You are viewing a plain text version of this content. The canonical link for it is here.

Posted to users@daffodil.apache.org by "Costello, Roger L." <co...@mitre.org> on 2019/11/07 13:42:54 UTC

Seek your help in creating a Euclid-like reasoning for why one should use DFDL

Hi Folks,
Long ago I read Euclid. It is a fabulous book. It begins with simple facts and then incrementally builds upon them using basic logic to formulate increasingly sophisticated concepts.
I want someone who has never heard of DFDL to understand why DFDL is relevant to them. I want to follow Euclid's approach: start with simple facts about data and then incrementally build upon them using basic logic. Hopefully, by the end of a series of steps the person will say, "Ah, yes, I see how DFDL is relevant to me." Below is my stab at this. Does each step follow from the previous steps? Is each step easy to understand? Are there typos? Am I missing steps? Are there flaws in my logic? Am I missing alternative explanations and conclusions? Please help! /Roger
DFDL is relevant to you ... here's why
1. Everywhere one turns one sees data being created and consumed.
2. Not only do humans create and consume data, but software and hardware do as well.
3. The data is represented (structured, formatted) in various ways.
4. A data consumer may find one representation more usable (efficient, practical, suitable) than another. For example, the data to be consumed is in a textual Comma Separated Value (CSV) representation but the consumer is a Java application which finds Java objects to be a more useable representation. Another example, the data to be consumed is in a binary representation but the consumer is a person who finds XML documents to be a more usable representation.
5. Consumers receiving data in a less desirable representation may wish to have it converted to a more usable representation.
6. A DFDL processor is a tool that converts one representation to another.
7. Converting a representation requires first understanding the representation.
8. Understanding a representation requires describing the representation.
9. DFDL is a language for describing data representations.
10. When data to be consumed is in a less desirable representation, use DFDL to describe the data, provide the DFDL description to a DFDL processor for converting the representation to a more usable representation, and then consume the data in its usable representation.

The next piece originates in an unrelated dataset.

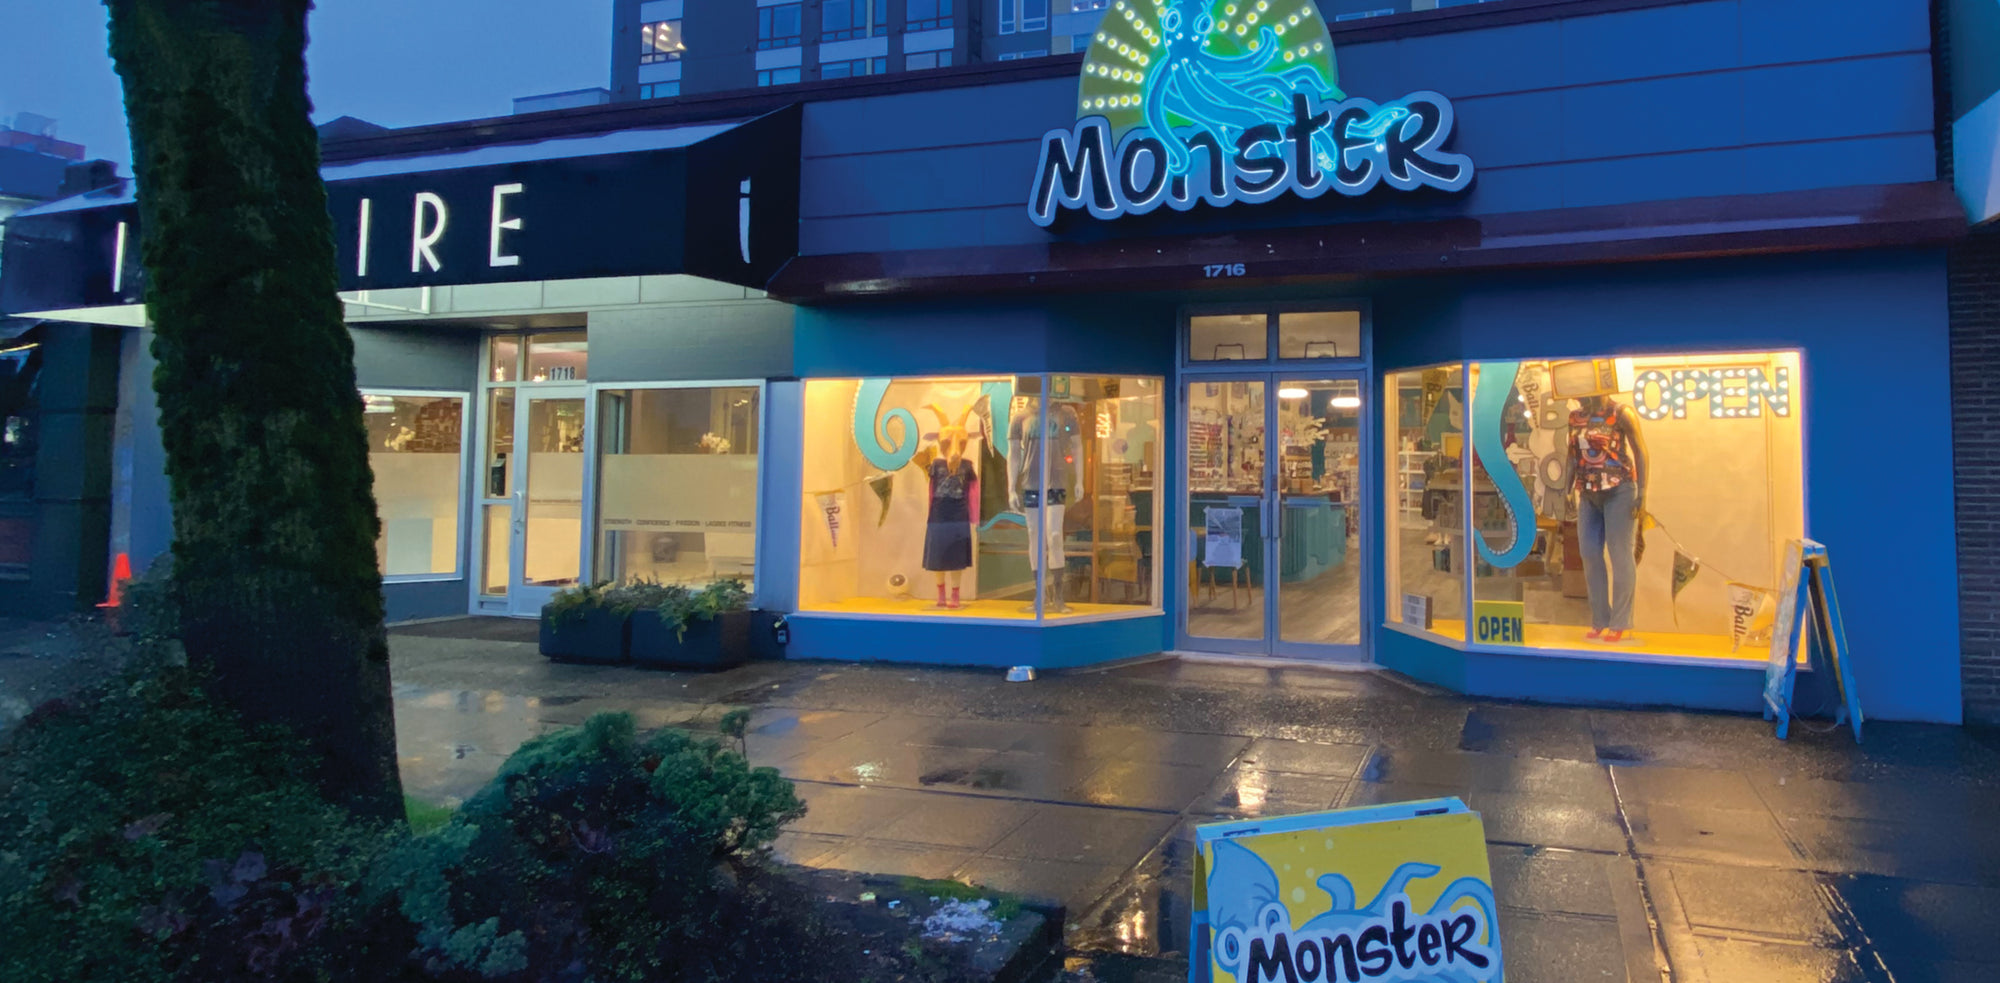 Exterior of Monster at dusk. The neon sign says "Monster" and has a friendly blue squid with sun beams behind it. The storefront is painted blue and tentacles reach down through the ceiling.

Re: Seek your help in creating a Euclid-like reasoning for why one should use DFDL

Posted by "Beckerle, Mike" <mb...@tresys.com>.

The one issue I would suggest you need to think about around this Euclidean approach is distinguishing this "convert" of data you talk about, from general "transformation" of data.

If you start with Data in representation A (in some file format) and you want it in B (in a RDBMS), you have two problems:

(1) You need to describe data A to make it available to step (2)
(2) You need to express how to transform it into B (which may also involve describing B, or that might be implied by the transformation)

The point is DFDL is only about problem (1) above. Not problem (2).

So when you describe DFDL as "converting" from one representation to another desired representation, this "convert" is much more limited than fully general "transformation" of data, yet the two words aren't that clearly distinct in meaning. They're synonyms to most people. (Convert, Transform, Adapt, Evolve, Massage, Extrude, Morph, Map, ....)

There's some essence to the conversion that DFDL is about which is less powerful than general transformation.

This is a nuance that is hard to capture.








________________________________
From: Costello, Roger L. <co...@mitre.org>
Sent: Thursday, November 7, 2019 8:42 AM
To: users@daffodil.apache.org <us...@daffodil.apache.org>
Subject: Seek your help in creating a Euclid-like reasoning for why one should use DFDL


Hi Folks,

Long ago I read Euclid. It is a fabulous book. It begins with simple facts and then incrementally builds upon them using basic logic to formulate increasingly sophisticated concepts.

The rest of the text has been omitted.